Create a new layer, choose the brush you need and a bright color not in your artwork, and then tap it on your canvas to make a circle. The circle should be the same size or near the same size as the circles in the key on the template. You can then take that circle that you drew and drag it around to the different areas in your art to make sure that the spaces are large enough.

In my case, I had to check if the cut-outs I wanted were possible (left image) along with some of my more narrow color fill spaces (right image). 


After checking the cutout areas I was able to see that they were way too small and it was better to just fill them in with metal instead. As for the enamel fill, most of my areas were fine but there was a small spot on the hand that is borderline being too thin for fill. Now knowing this, I can better gauge how to adjust the artwork on the larger file to fix these spots.

Make the changes needed to the larger layered artwork, and keep checking until you are good!

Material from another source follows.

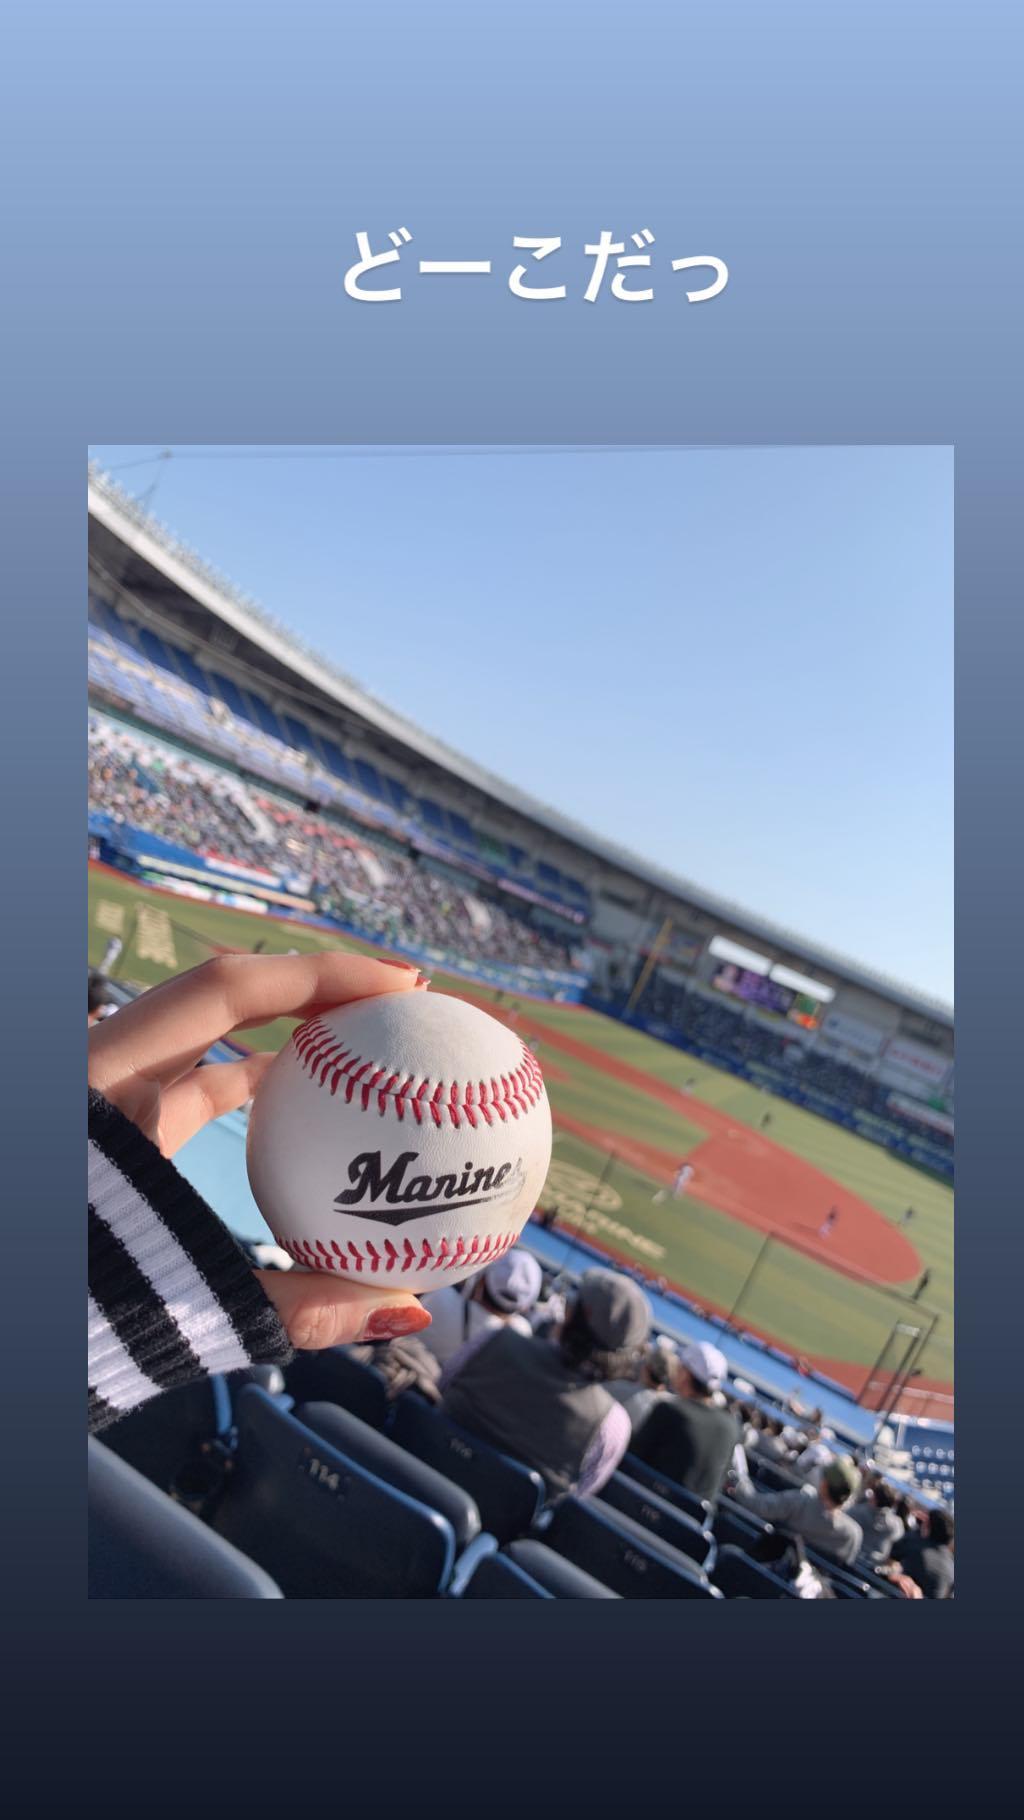 【朗報】 国民的アイドル 外野席で野球を観覧するw w w w w w w w w w w w w w w w
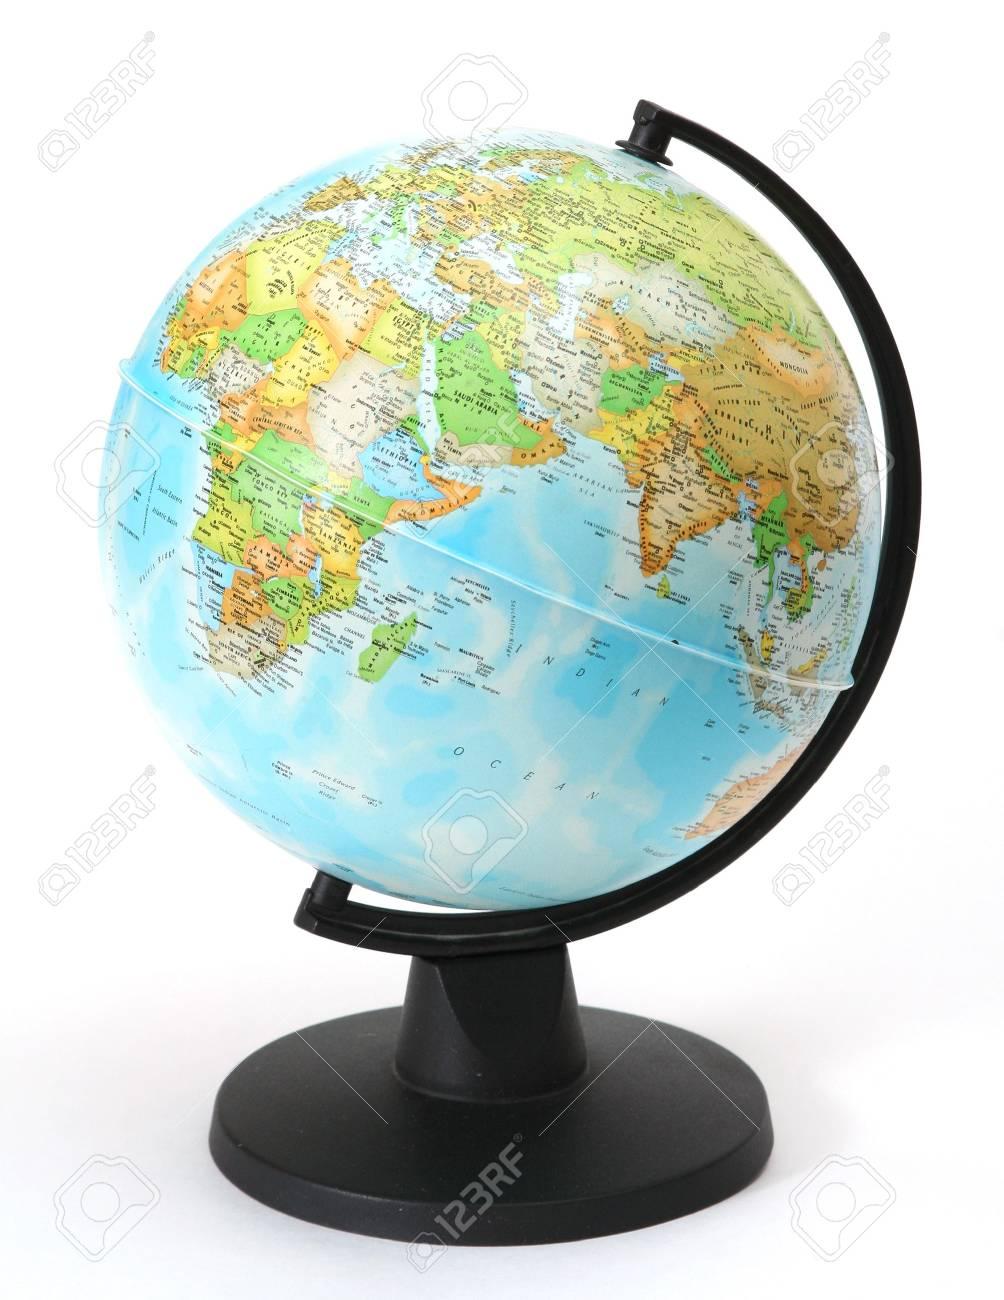 Karte Erde.Stock Photo

NOTE: If your art is more complex with a lot of colors, you can always start checking specs usng just the linework (metal layer) and then go in and add your colors after. 

You are almost done! After you’ve made all your edits, got your layers sorted ( remember, don’t merge), you are now good to export your file as a PSD. 


Wrench Icon → Share → PSD  → Save to Files / Airdrop / Drive


Exporting as a PSD  can be a little wonky on Procreate depending on where you are exporting the file to. 


If you try and export it directly to email, 9 out of 10 times it’s going to be a hot mess. PSD files tend to be on the larger size, and when trying to export directly to email a lot of times it gets auto converted to a JPEG or the file gets severely compressed to fit within the size limit.


The best thing to do is to export the file to your device itself, or something like google drive. If you have a mac you can also choose to airdrop it directly to your computer. Then send an email and manually attach the file. If the file is too large you can use a free file sharing service such as and shoot us the link to the download.


By doing this, you prevent the file from forcefully being compressed or converted and all your layers should be intact and good to go for vectoring!


Now you’re all set and ready to go! We hope this helps you out even just a little. I look forward to seeing everybody's designs!